And while public service messages and politicians' statements urge "good citizens" to recognize Arab and Muslim neighbors as "fellow Americans," the daily proposals for new policies to "fight terrorism," and the thousand or more individuals being held in an eerie limbo of anonymity, are themselves exercises in violence. This discourse --of individual restraint matched by governmental excess-- configures the role of the state as an avenger, meting out punishment and regulating liberties on behalf of its populace.

This state of emergency and these conditions are not an aberration but the foundation of the U.S. nation-state and its domestic and foreign policy.

::

Persons who are otherwise perfectly aware of the non-transparency of "feelings" are insisting that this particular event demands some sort of transcendent pre- or post-political reaction, rather than analysis or historical inquiry. But there is certainly nothing pre- or post-political about the anti-Arab/anti-Muslim violence or the Bush administration's declaration of war on that vague specter called "terrorism," that thing that operates so much like "communism" did only decades ago. Or is it because the Right is mobilizing around the issue politically (and effectively), the Left is just meant to bask in the purity of our mourning--? Will this win over the patriots?

Between academic blacklists and high school suspensions, between newsmedia events splashing "America Strikes Back" across our television screens and popular culture reproducing endless montages of picket fences, families, and flags, the national discourse regarding 9-11 in particular has produced a certain set of organizing images and importantly a certain kind of ideal citizen. This ideal citizen -a fantasy in her own right-- is defined by her passive participation in an imagined democracy. That is, she willingly forfeits her "right" to participate as a critical citizen in a working democracy for a sentimental image of community and unity.

A young Asian American woman on a list-serv stated that, "Even though I am a devout Democrat, I believe that what the nation needs now is unity in hunting down the killers, and not dissent. I am an American."

The statement "I am an American" is both affirmation of her identification with the nation but also an implicit line in the sand, a move toward exclusion. Clearly those who do not wish to affirm their American-ness in the same manner are therefore un-American; it is a "love it or leave it" proposal which leaves little room to critically participate in the democratic process because somehow, the democratic process is now understood as itself un-American.

Interestingly and pointedly, another woman on the list asked, "Do you think that if this attack came from China or Japan, that you would be allowed to claim America in the same way?"
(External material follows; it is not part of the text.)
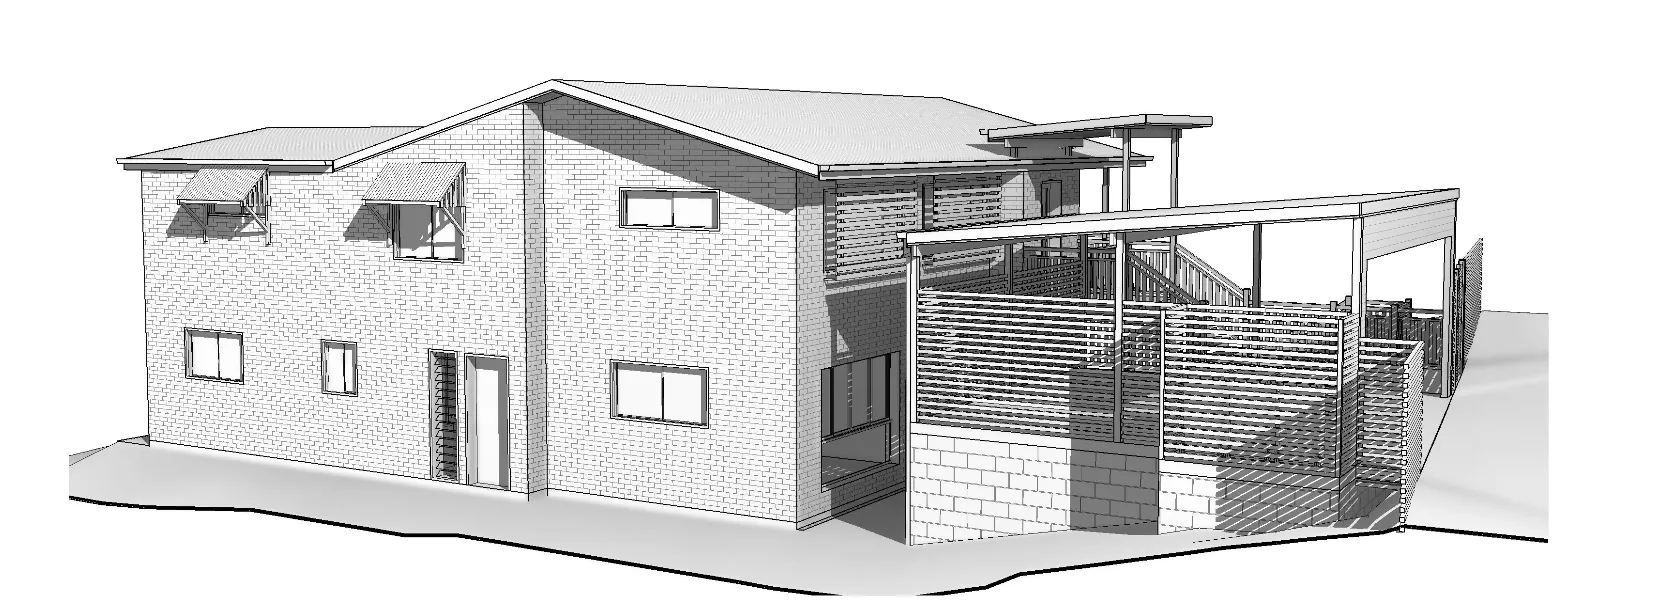 Plans 3D render side of house Arana Hills
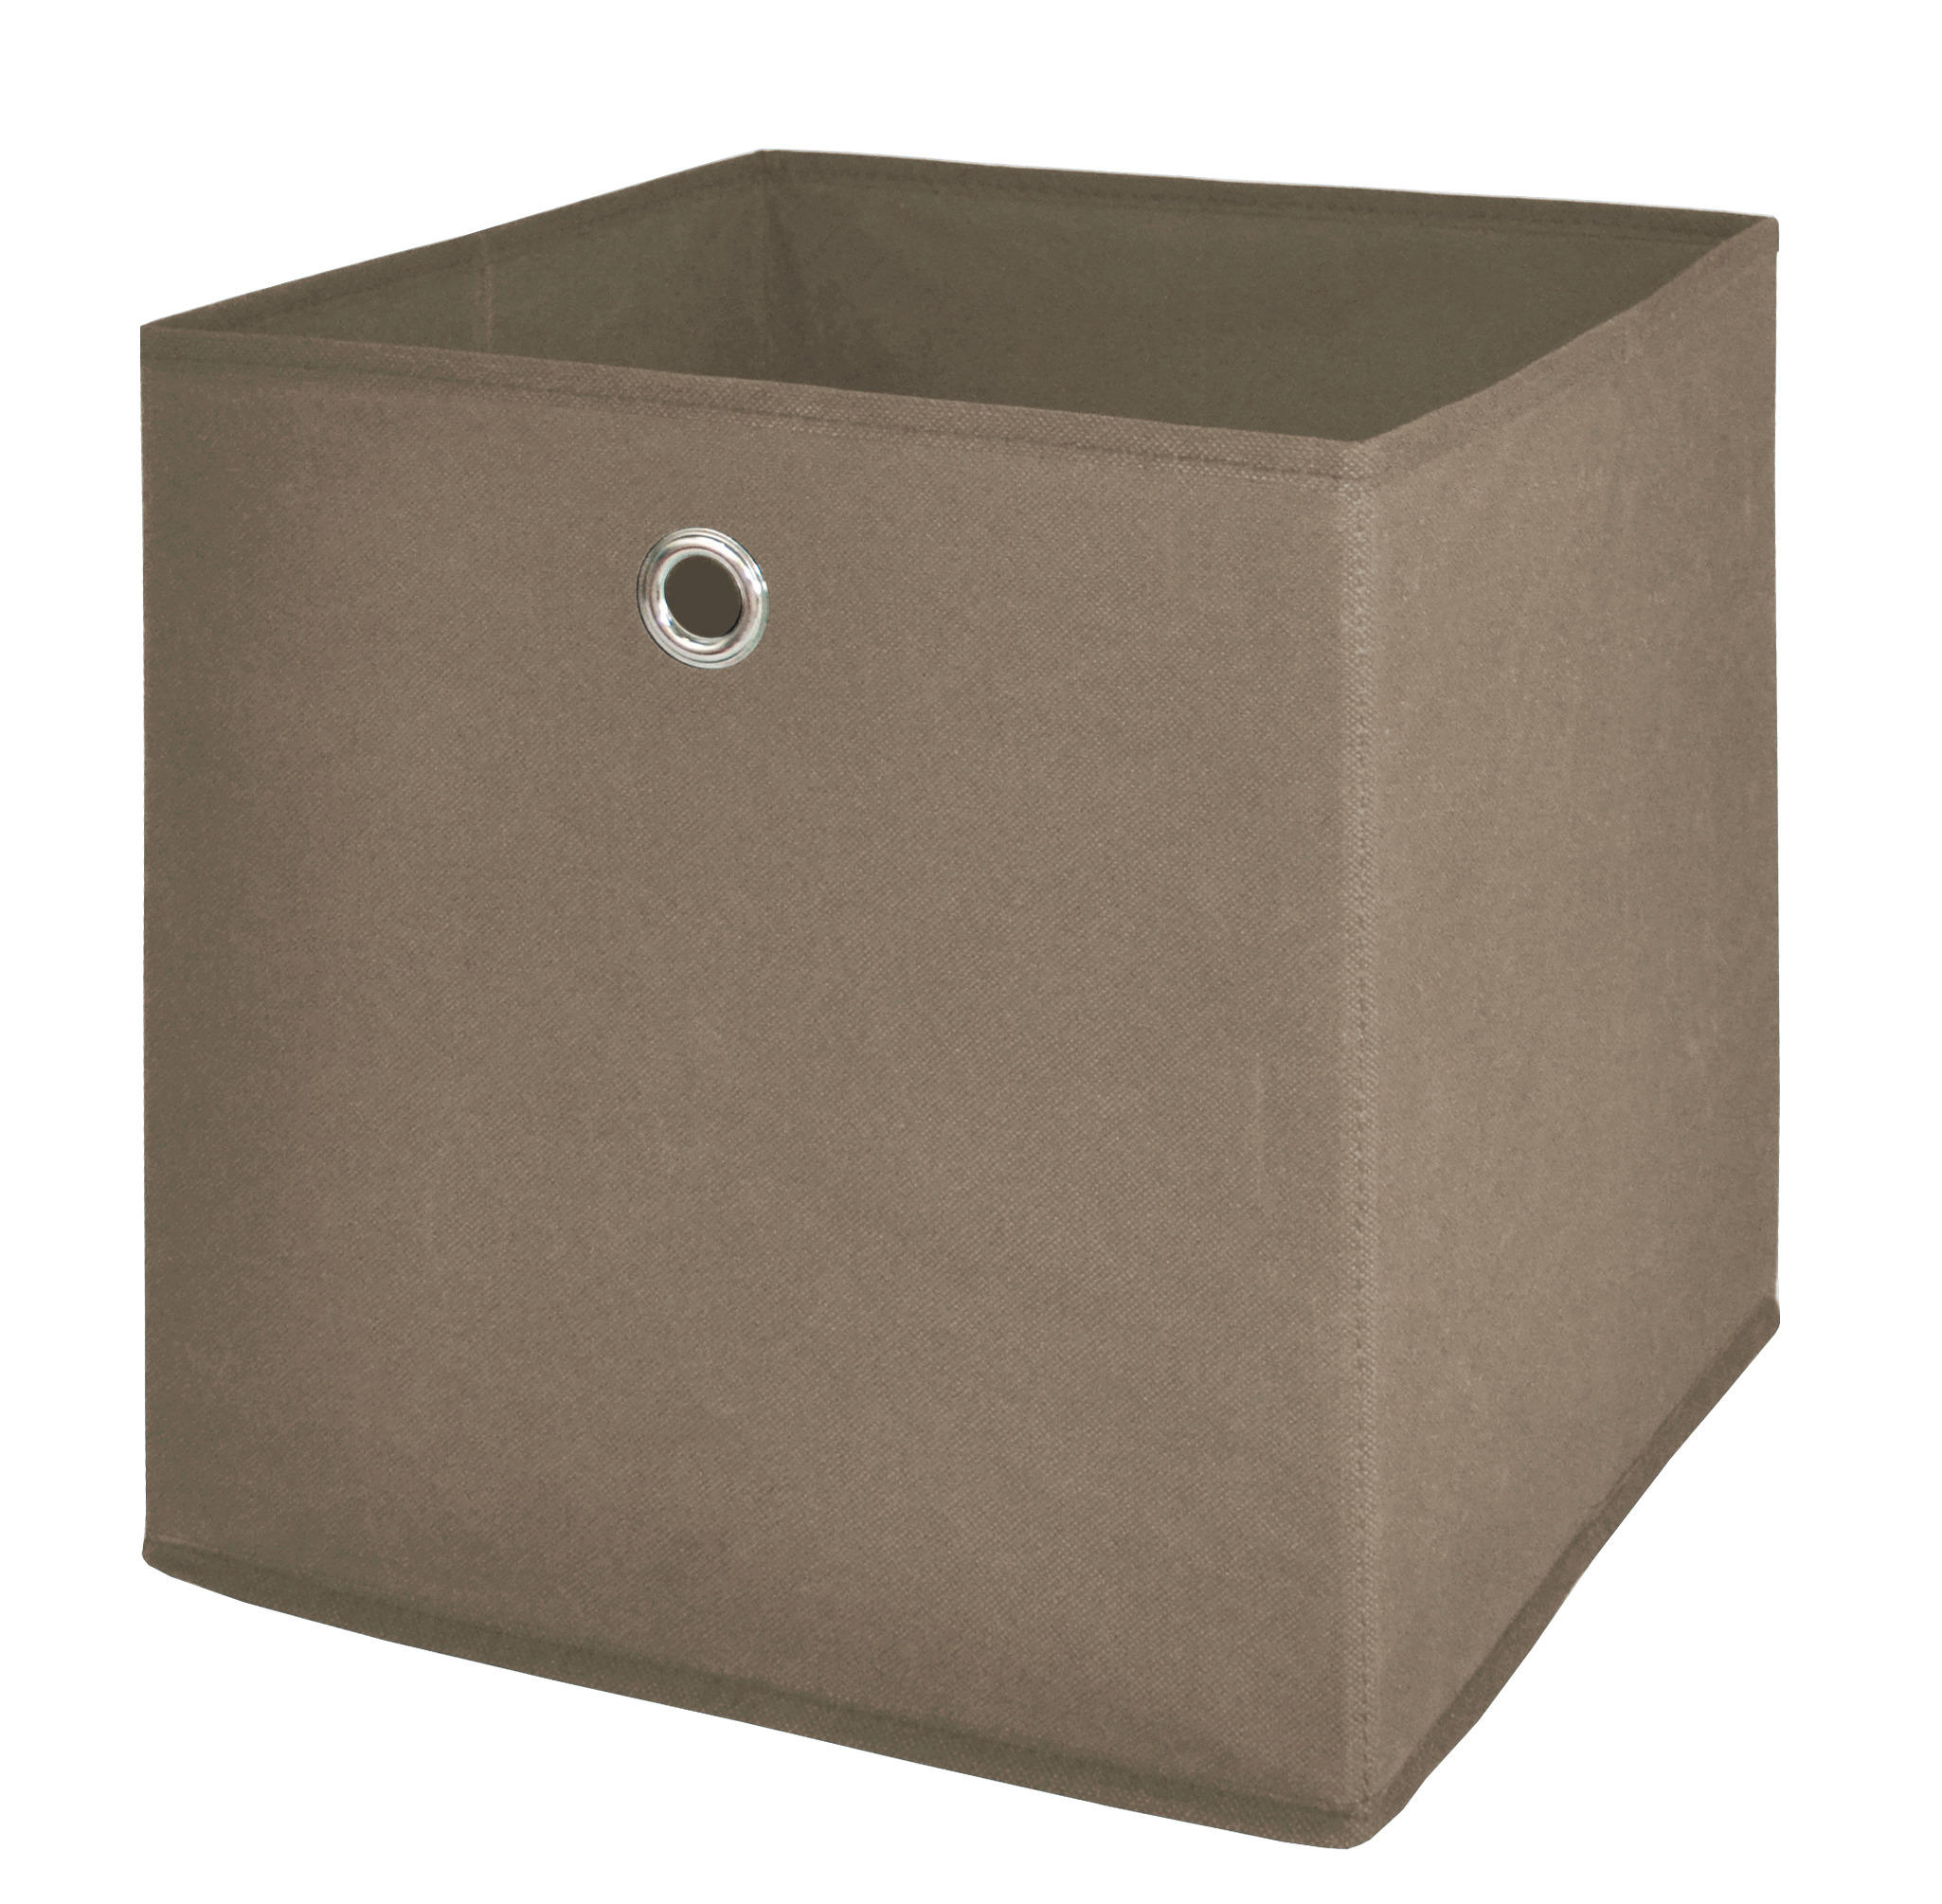 Stoffbox grau B/H/T: ca. 32x32x32 cm Stoffbox_1 - grau (32,00/32,00/32,00cm)

To this, she had nothing to say.

Such that every sentiment is a social product, patriotisms and nationalisms are exemplars of this phenomenon as sentimental discourses of inclusion and exclusion. And I want to know what kinds of inclusions and exclusions are being enacted in the name of "America."

::

In the months before 9-11 the national public discourse was obsessed with the "hidden monster," the child gone terribly wrong, the juvenile offender, the school shooter, the "out of control" teenager. Forms of popular knowledge about adolescence (and in some cases pre-adolescence) imagined young men and women as time bombs, balanced on the precipice of anxious parenting, turbulent social forces and savage hormones. But in the aftermath of 9-11 we are returned to the figure of the "innocent child," either as the bright and shining future of the nation; the nascent citizen-victim to be protected by the mighty arms of the state; or the unintentionally "wise" commentator whose innocence is the source of that wisdom ("out of the mouths of babes").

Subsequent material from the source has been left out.